The osteogenic effects demonstrated by Williams and Murphy (2008) in the alveolar subperiosteal cortices in nonsurgical cases capture exactly the histophysiology of corticotomy surgeries. Surgery simply elicits the phenomenon more dramatically and faster. The theoretical concept had been alluded to previously and was most recently expanded in the excellent textbook by Melsen (2012), where it refers to a “…change in surface curvature of the alveolar walls.” All contemporary orthodontists should read this most enlightened summary of basic alveolar osteology to fully understand bone strain in all patients (Verna and Melsen, 2012). This “whole-bone” perspective posits the alveolus bone, cf. alveolar “process,” as a separate operative organ independent of its subjacent corpus. As the whole bone is orthodontically bent, each osteon is deformed. The “peri-orthodontic hypothesis” (Murphy, 2006) contends that this bends protein molecules and DNA, opening obscure binding sites on important molecules to elicit an epigenetic perturbation and redesigning the morphogenesis to a novel phenotype unique in alveolus in shape, mass, and volume. The value of this new perspective is that it conforms well with contemporary basic biological sciences, particularly molecular biology and epigenetics.
In this regard, alveolar subperiosteal tissue and periodontal ligament act no differently than the periosteum and endosteum respectively in any long bone (Figure 1.1).

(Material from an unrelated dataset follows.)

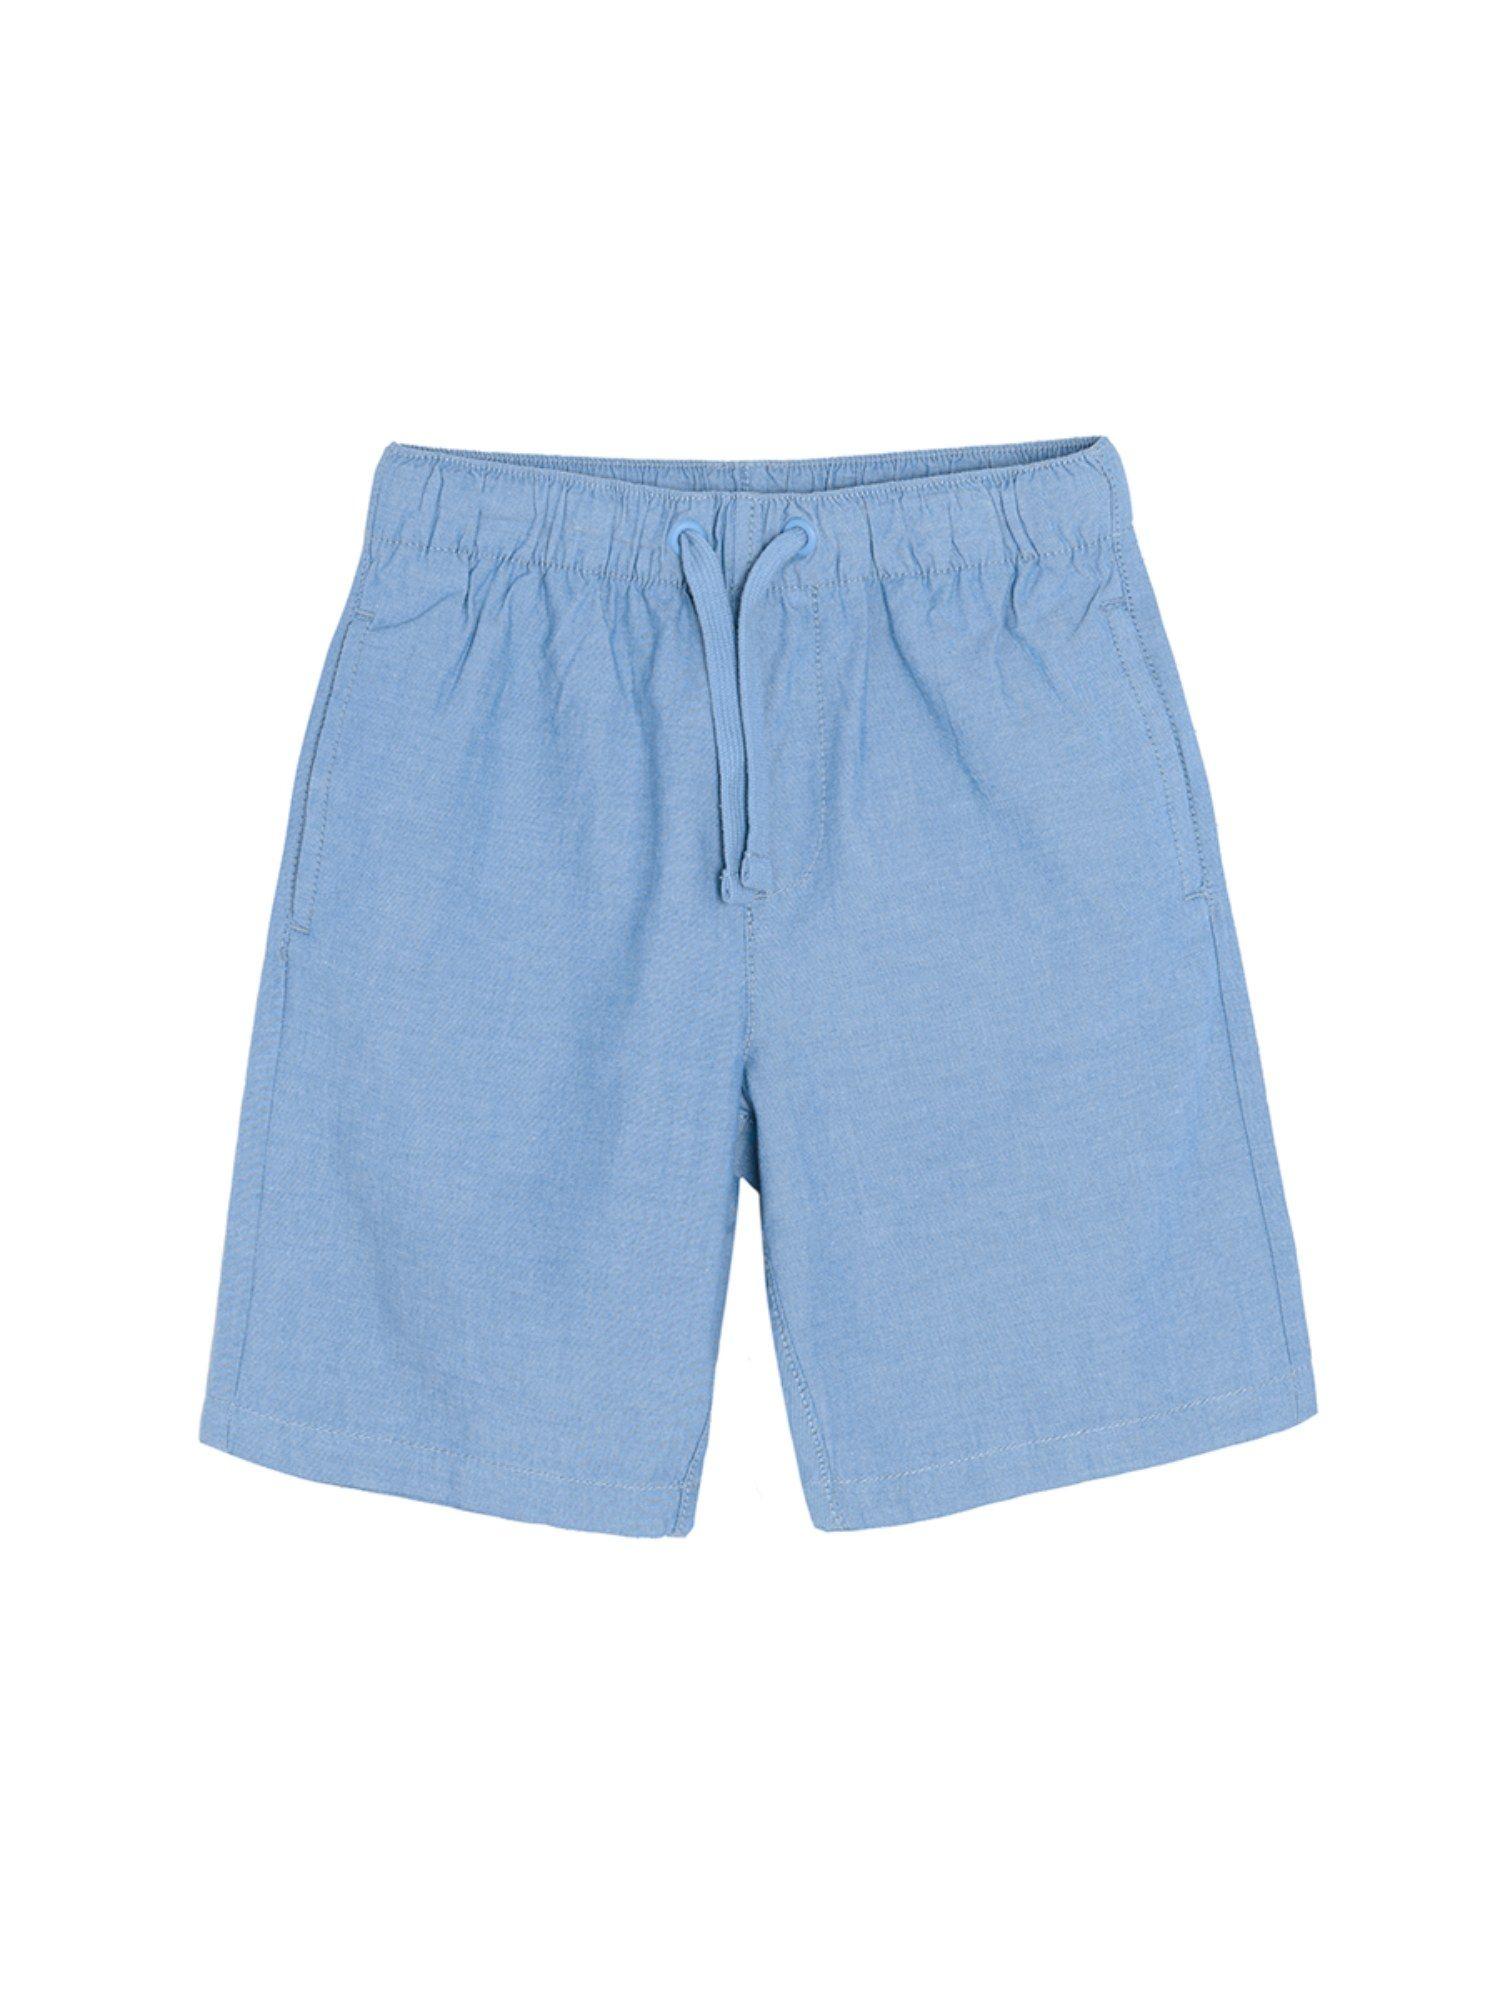 smyk boys blue solid shorts

Therefore, a lot of recent medical and basic orthopedic science can be transferred to and from alveolus bone science. This phenomenon, facilitated by corticotomy protocols, we believe may be employed to reduce the degree of clinical relapse that still plagues orthodontics after 100 years of clinical trial and error. Standard orthodontic protocols, without surgery, cannot overcome the natural tissue “canalization” that resists phenotype change (Waddington, 1957; Siegal and Bergman, 2002; Slack, 2002; Stearns, 2002).
Cell-level orthodontics
Bone cells, and homologues in other tissues as well, sense changes in their mechanical environments, internally throughout the cytoskeleton and externally through focal adhesions to the extracellular matrix (Benjamin and Hillen, 2003; Murphy 2006; Verna and Melsen, 2012). This area of cell-level biomechanics was essentially beyond the control of most orthodontists, who relied instead on gross anatomical and clinical events to intuit cellular activity. With the introduction of tissue engineering concepts and a revival of corticotomy-facilitated orthodontics, a new interest in cell- and tissue-level phenomena has appeared in the dawn of the 21st century.

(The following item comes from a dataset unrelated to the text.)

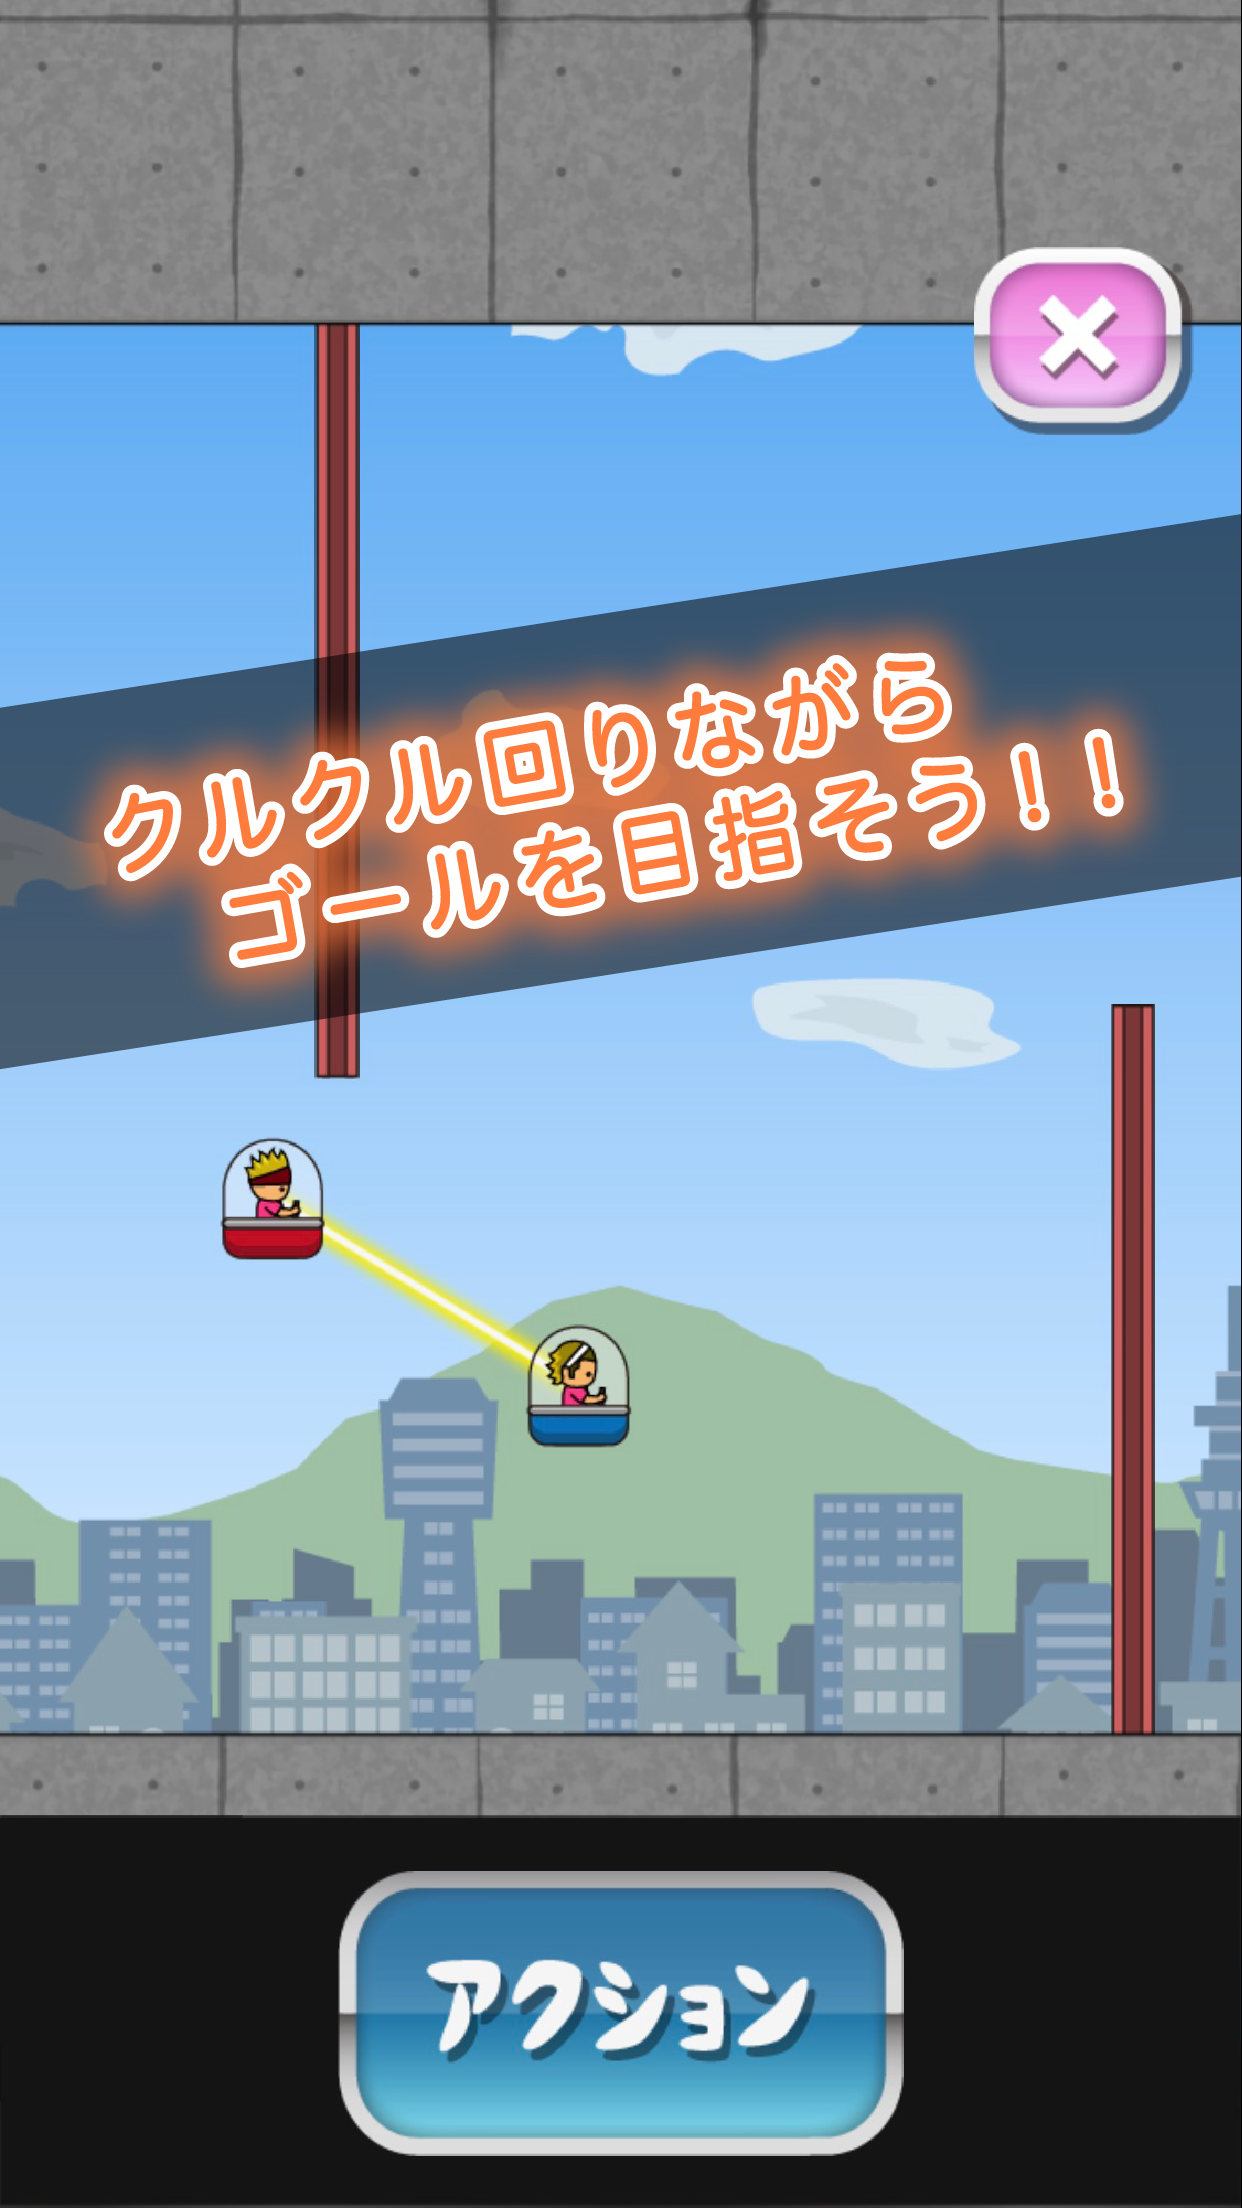 Screenshot 1 of La capsula Kuru Kuru di Tony-kun 1.0

Induced mechanical stimuli not only change the internal cytoskeleton but – by epigenetic perturbations – can determine internal stereo-biochemistry and ultimate morphogenesis. To the extent that wound healing recapitulates regional ontogeny, orthodontic modulation of the healing bone wound can engineer a new phenotype ideally suited for an ideal dental alignment and dental arch juxtaposition even to the point of modifying the need for orthognathic surgery. The alveolus bone, which lives, thrives and dies by virtue of its functional matrix (Moss, 1997), the dental roots, are especially responsive to therapeutic intervention in this regard because of behavioral imperatives identified by Wolff’s law and Frost’s “mechanostat” model (Frost, 1983).

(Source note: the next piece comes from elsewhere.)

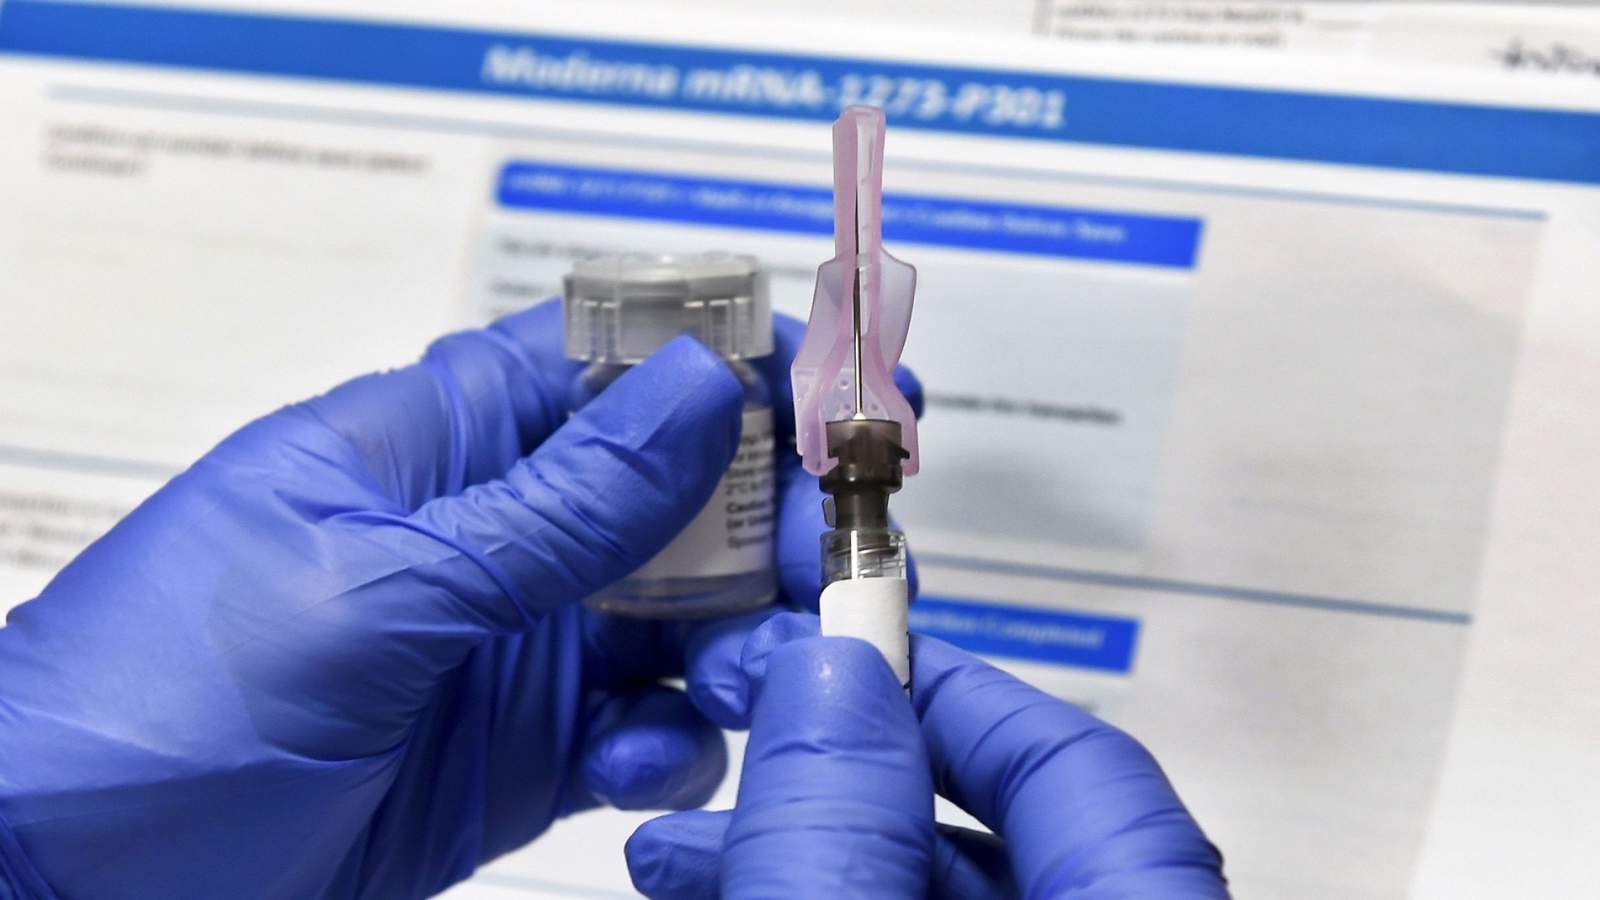 FDA advisory panel recommends approval of Pfizer coronavirus vaccine

What skeletal muscle can do to bone morphogenesis at the gross anatomical level is similar to the effects of microstrain at the cell/tissue, whether that be hypertrophy, hyperplasia, or atrophy, thus demonstrating that engineering bone morphogenesis is a threshold phenomenon; that is, too much or too little is dysfunctional. It should be remembered that the influences of mechanical stimuli at the cell and tissue levels, mechanobiology, lie not only the domain of bone alone. Indeed, the even pathoses of atherosclerotic cardiovascular disease are directly related to mechanobiological changes in vessel walls. With modern analytic methodologies and a burgeoning body of science, too extensive for the scope of this writing,2 responses to all tissue can now be studied and actually modulated, be they integumental or neuronal, mucosal or bony. This is the essence of tissue engineering science. Thus, orthodontic scientists have a legitimate equity claim in mechanobiological fathoms as well. So, there is no reason they should not be involved considering the critical importance of their domain, the face of a human child.
The study of cell/tissue-level orthodontic therapy, especially the nature of genetic expression evident in healing bone wounds, suggests that orthodontic relapse can be seen as a simple reversion to original phenotype, regardless of the method used. That is why some SFOT has been proven to be a popular – in some cases manifestly superior (Dosanjh et al., 2006a,b; Nazarov et al., 2006; Walker et al., 2006a,b) – and professionally acceptable adjunct to traditional orthodontic therapy. The evidence of efficacy that this innovation enjoys lends both clinical quality and stability to OTM, justifying it as a reasonable therapeutic enhancement. There are advantages and disadvantages with both conventional OTM and SFOT, and it is only fair to patients that they be made aware of all treatment alternatives. At the clinical level, SAD is termed the Periodontally Accelerated Osteogenic Orthodontics™ (PAOO) technique or the Accelerated Osteogenic Orthodontics™ (AOO)3 technique only when a bone graft is added, and these two terms can be used interchangeably. The lead author prefers to use PAOO when there is periodontal involvement and AOO when the periodontium is healthy.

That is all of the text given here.